Use the best storage with backup for scratch data
It's good practice to store huge amounts of easily retrievable data in your home directory or group space with daily backup. ISO images of CDs or DVDs are a good example, another one is large software packages or tarballs you can download from the internet anytime again.
Building large applications on remote filesystems is not only a very effective way of wasting bandwidth and fileserver throughput, it also provides you with your well deserved coffee breaks. Don't run make clean afterwards, or you will waste less disk and tape space than possible.
Your AFS home directory is the perfect place to install your personal copy of your exeriment's analysis framework. Simply request an increased quota if it runs full. Enterprise class Fibre Channel RAID systems are quite cheap these days, and so are tapes, drives and robots. Hence, unlimited amounts of these resources are available.
Copy and move data around as much as possible
Never write data to the correct location in the first place. Instead, just stow it somewhere temporarily (preferrably in a huge AFS volume), and start organizing your data later. Change directory structures often, copying or moving data from the new to the old location every time. This method easily triples the consumption of network bandwidth, server throughput, and disk wear. Avoid having related data grouped in specific volumes, because that would make it possible to just change the mountpoint to make it appear in the new location. Instead, have a few very large general purpose volumes and reorganize them regularly.
For reference, here are two examples of how (not) to do large scale monte carlo production:
Good: Have two large volumes, one for production and one for later use. With each set of jobs, write the monte carlo files to the first volume. After all jobs have finished, move the files into the second one. It doesn't really matter whether the volumes are on the same or different servers.

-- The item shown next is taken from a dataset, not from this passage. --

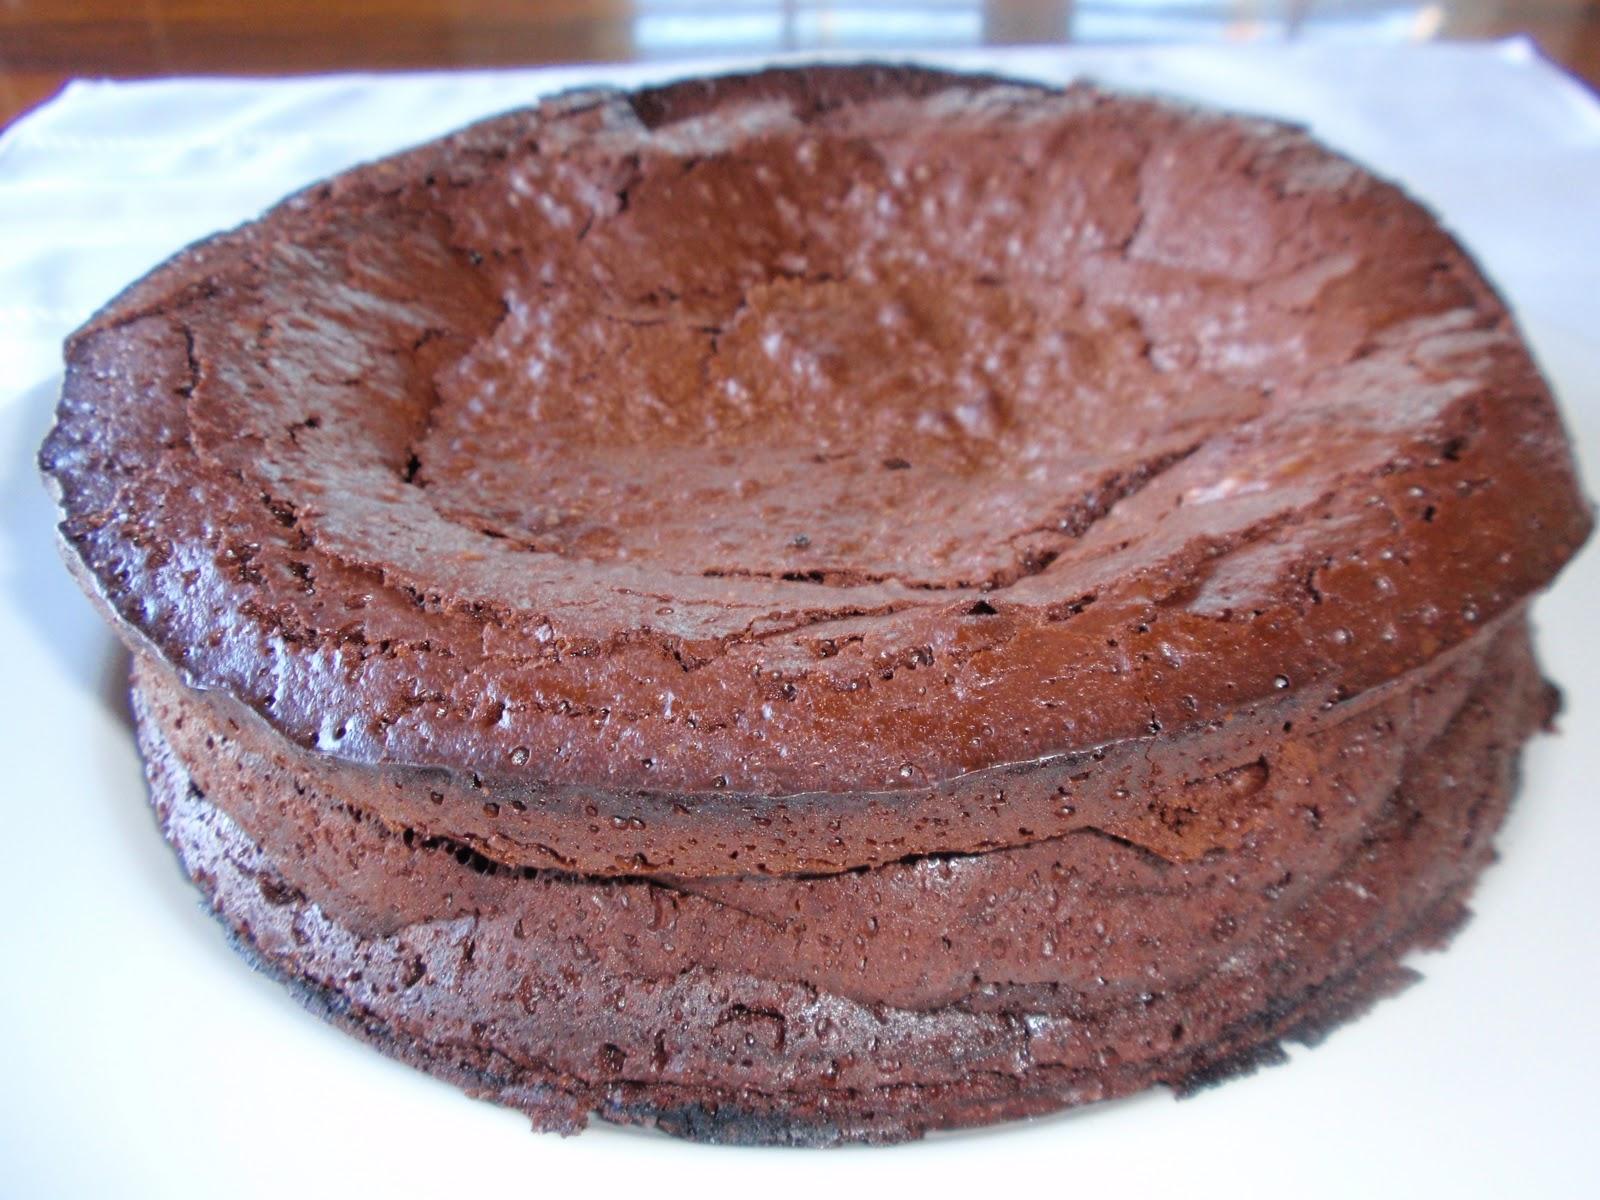 Bon Appetit An American Test Kitchen Test 26 Flourless Chocolate Cake With Caramel Or Raspberry Sauce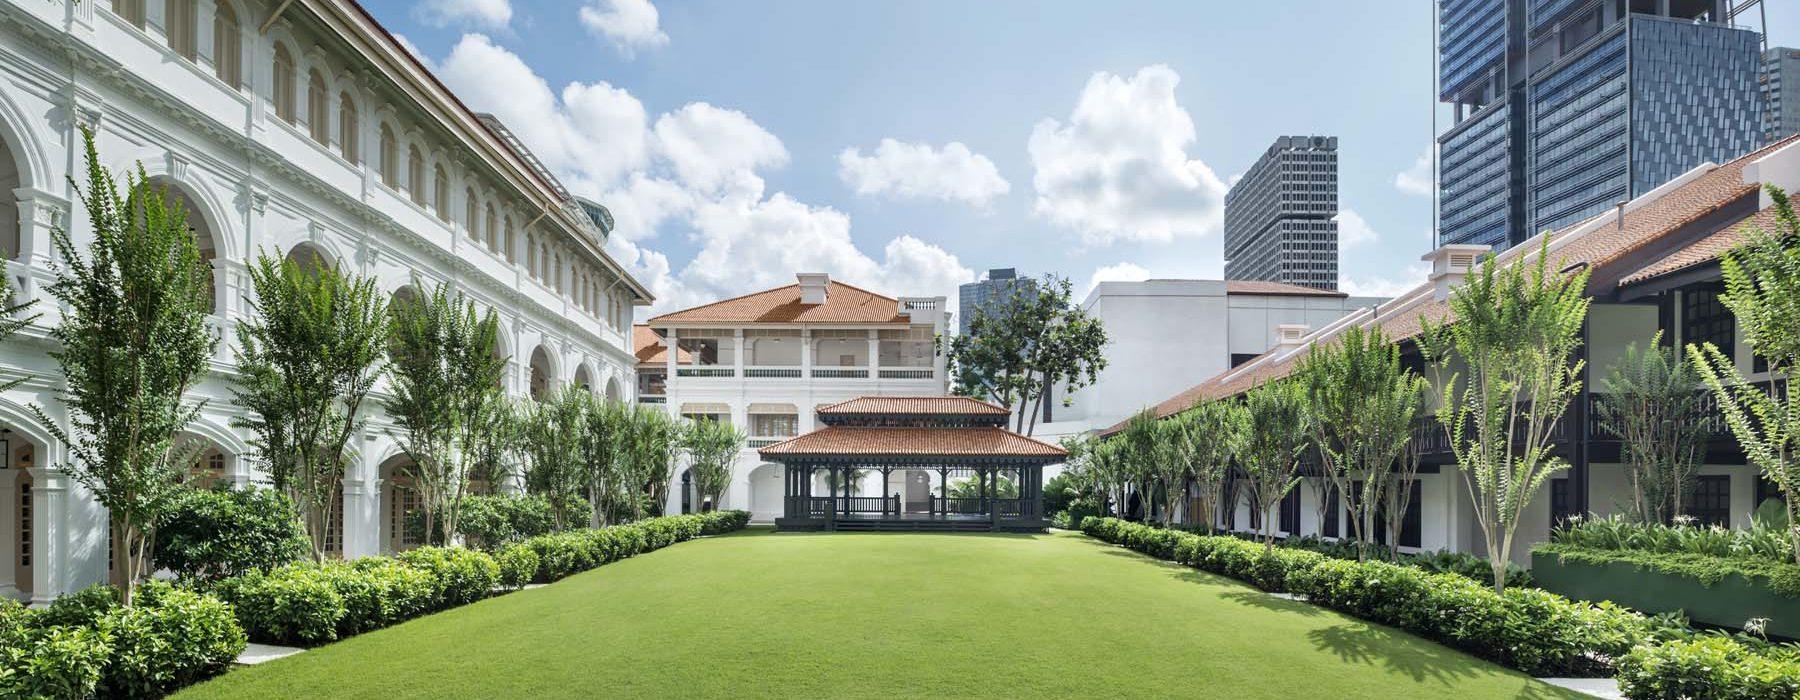 Raffles Singapore - Meetings & Events

Bad: For each set of jobs, create a new volume - or even a few new volumes on different RAID sets if many jobs will run in parallel. After all jobs have finished, simply change the mount points from the production path to the path where your analysis jobs expect their input files. If all input files must be found in a single directory, mount the volumes as subdirectories of this one and create symlinks to the files. Maybe create a number of read-only replicas of this (very small) volume.
The latter method is awfully simple, fast and efficient. Avoid. Refining the first method by introducing a third volume for accumulating the output of several sets of jobs before moving everything to the final destination is left as an excercise to the reader.
Hint: If you want to unpack tar archives into central storage, it's most inefficient to first copy them into the destination directory and then unpack them there. This way you achieve almost (alas, not quite, if compression is involved) three times the amount of I/O compared to simply unpacking them from wherever they are (temporarily) stored.
Your colleagues will especially appreciate it when you do all this on the public login systems, instead of getting yourself an interactive session on a farm node with qrsh.